Digital transformation makes us think and pushes us to rethink the way we work and produce. How we want labor laws to be, what kind of employment we want, we are in the era of “Quantity” or “Quality”.
The incorporation of new technology and the modernization of work does not reduce employment. Quite the opposite. The new technologies generate unlimited opportunities in the conglomerate of tasks that are carried out or developed and reduce the unnecessary frictions that the old labor law brings with it, thus generating, within the collaborative economies or economies of digital platforms, a market of the most open, modern, competitive work and without limits of production and invention.
The tasks that are most in demand in the future of work have to do with a high level of qualification or, technically, what we call “technical dependency”. For this reason, new technologies, modernization and the 4th industrial revolution have an undoubted partner, which is the necessary investment in human capital.
We can develop Human Capital, not conceptualize it as the sum of Investment in Knowledge (Education) + Consequences of applied knowledge (Experience), whose immediate result is: Employment growth, better salaries and high levels of quality of life in a society .
Achieving this objective requires a solid, flexible and inclusive labor market, where more genuine and higher quality employment is generated.
A solid labor market refers to modern, effective, balanced labor laws that level the employer-employee relationship, ending the conflict and obscurities of outdated and anti-productive labor laws.
An inclusive labor model refers to looking at Labor as the only social inclusion policy where it ends the class division and places work above all State policy.
This will inevitably generate significant distributive impacts and increase levels of inequality. In developed countries, where they got on the wave of the work of the future, it already happens. The share of medium-income jobs, with a simultaneous growth in the share of high- and low-skilled jobs.

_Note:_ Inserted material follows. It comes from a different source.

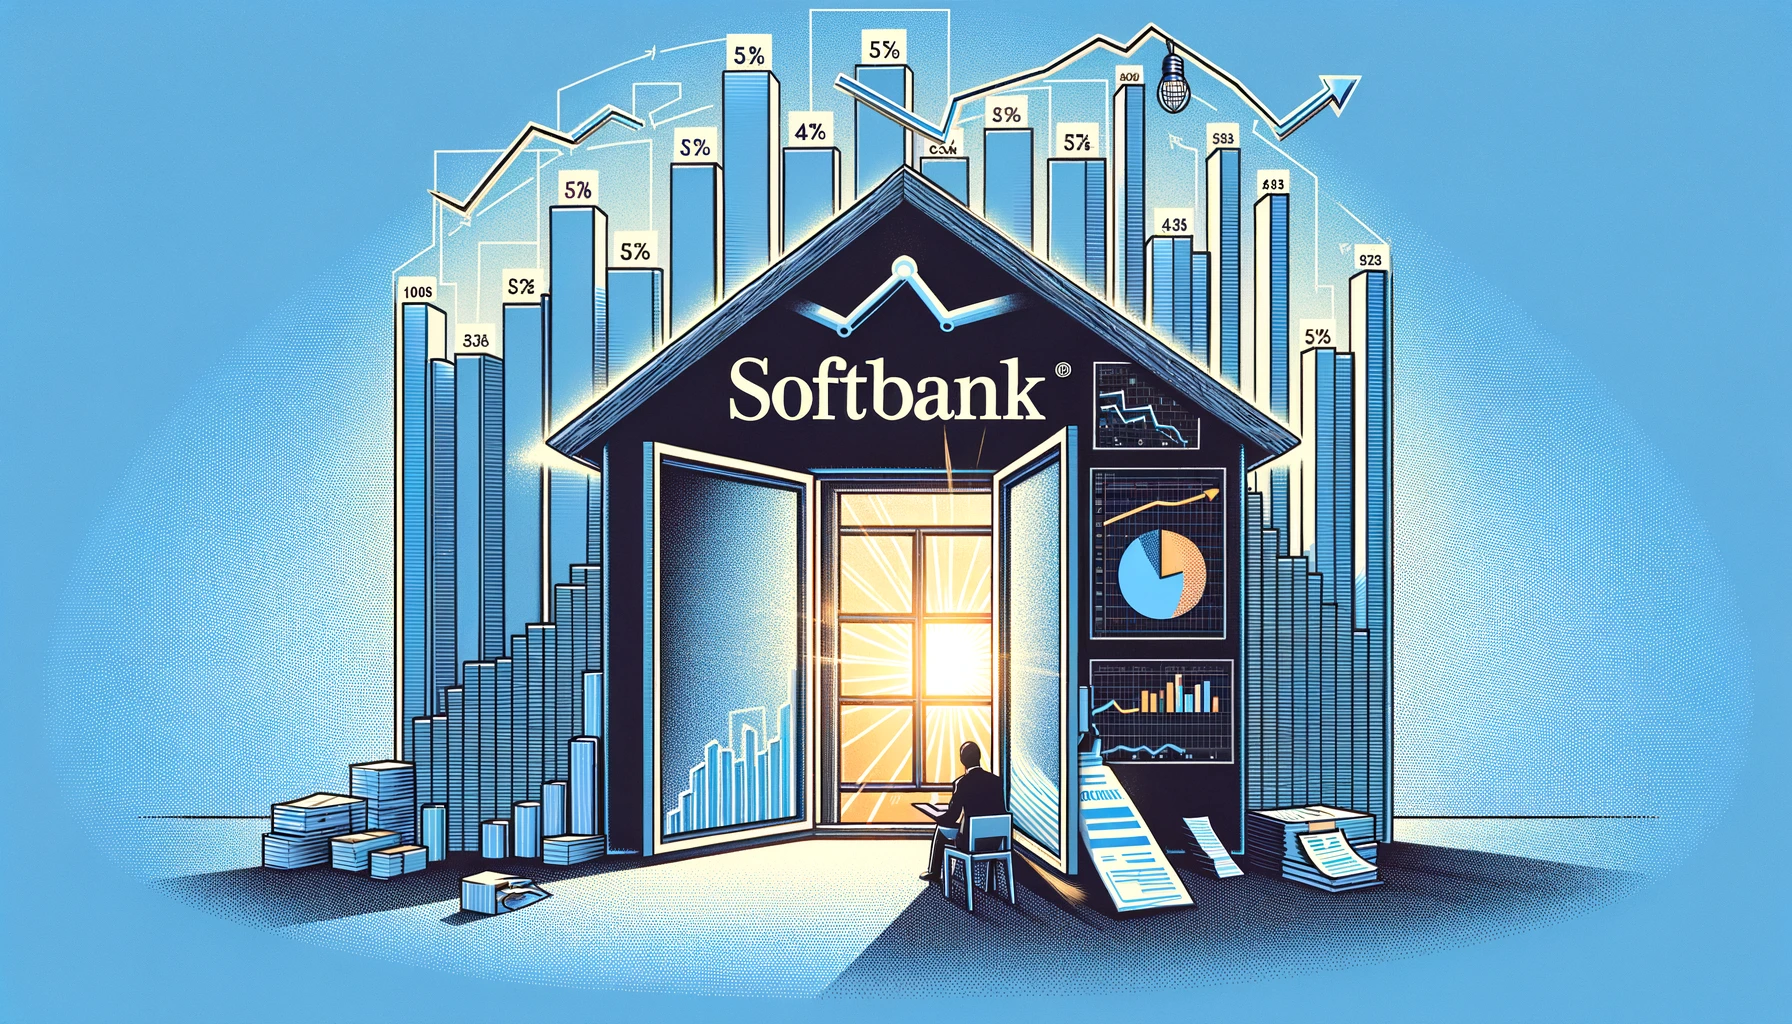 simple vector-style image representing the news article about the window manufacturer supported by SoftBank declaring bankruptcy to reduce their debt burden. This conceptual artwork aims to balance the themes of financial challenges and hope for recovery.
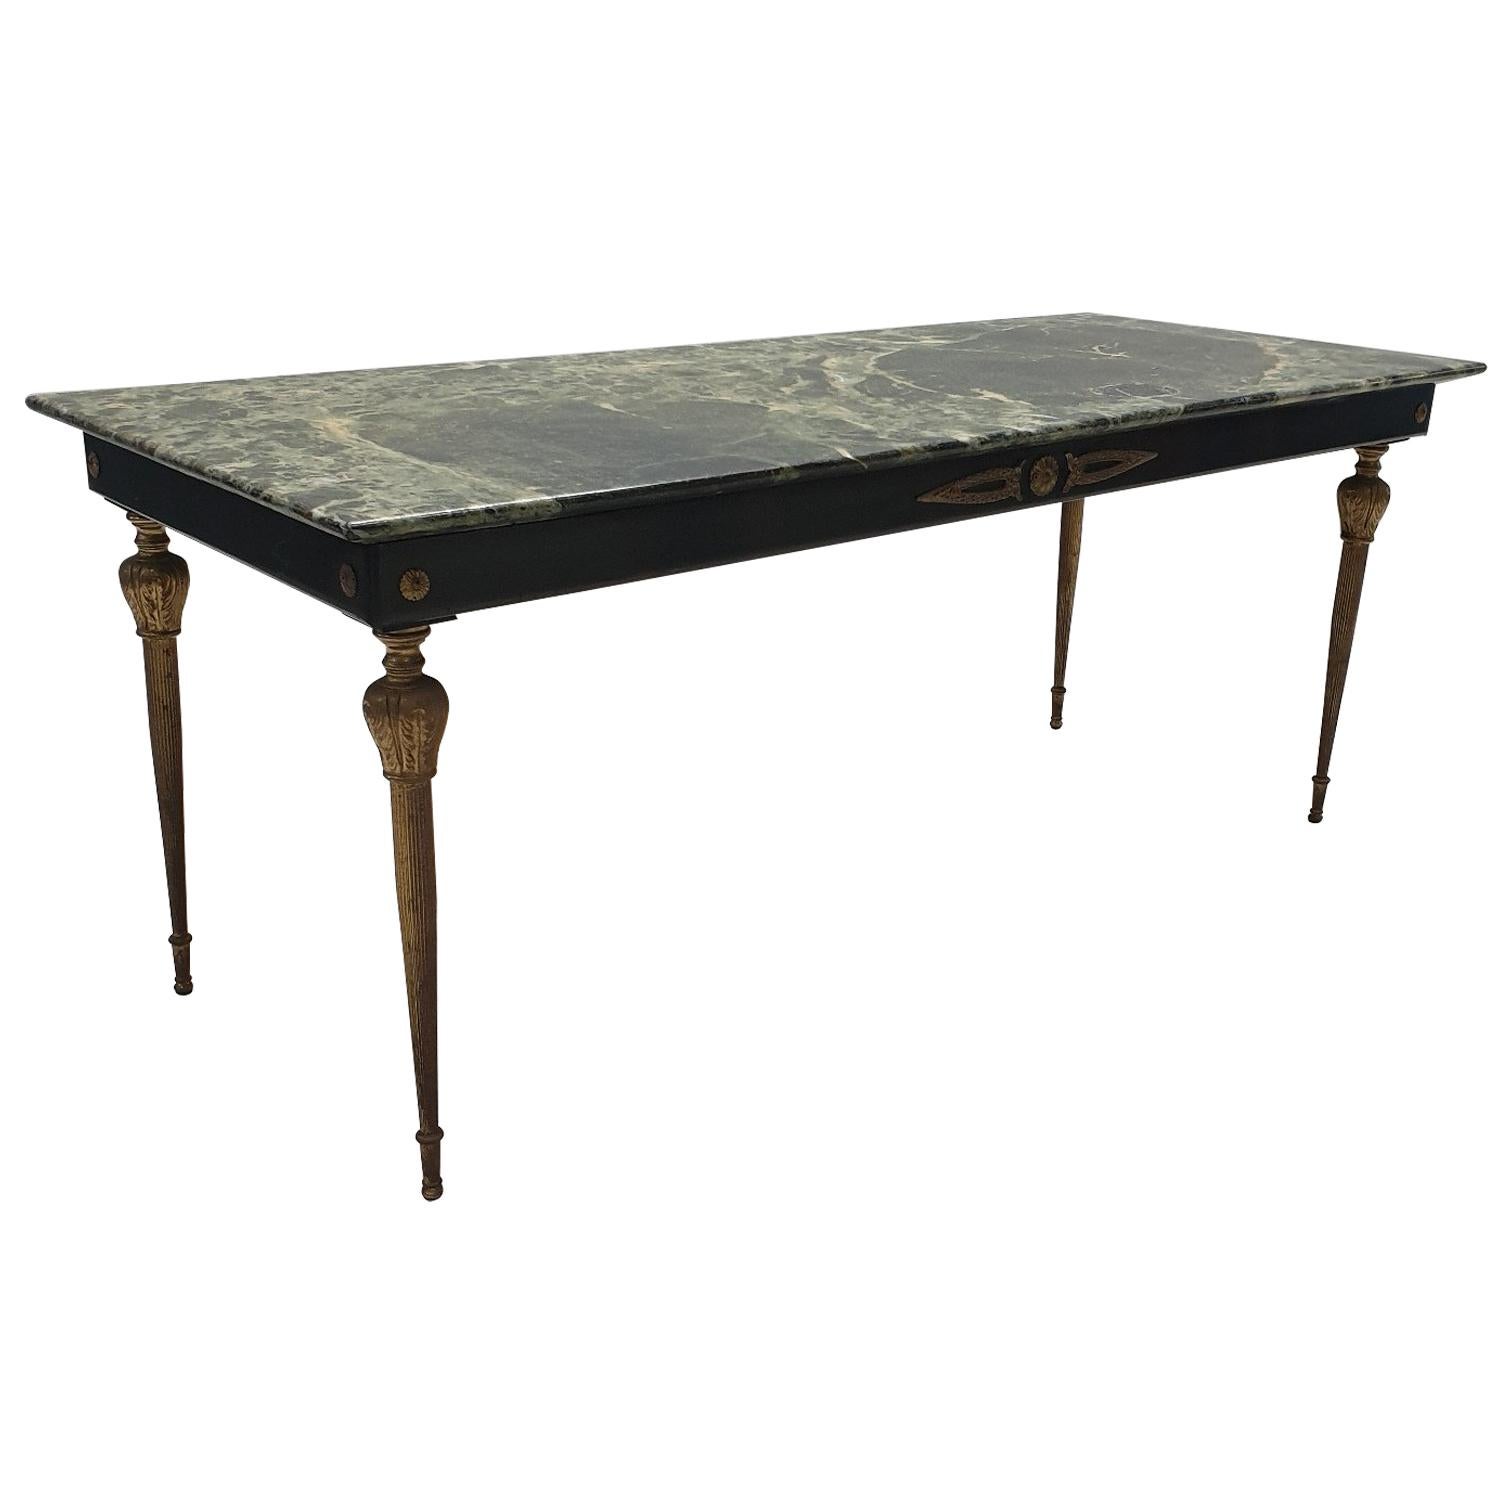 Vintage Brass Coffee Table with a Green Marble Top, 1950s For Sale

This synergy absorbs a degree of competitiveness from the dependents who move, through their own investment in their human capital, to medium to high segments, leaving the low to medium segments empty.
Our country deserves a serious, professional and dynamic debate on our labor laws, which are not many, but they are outdated and denote that they harm the two fundamental parts of any production process. He “dependent and employer”. Sole beneficiaries of the future of work.
The challenges of work in Argentina encompass companies, workers and unions. The digital transformation challenges the labor model and the model of union representation. Their challenge is to reconvert an archaic system by promoting equitable and decent solutions to the future of work, becoming a pillar of production and new labor relations for the benefit of WORK.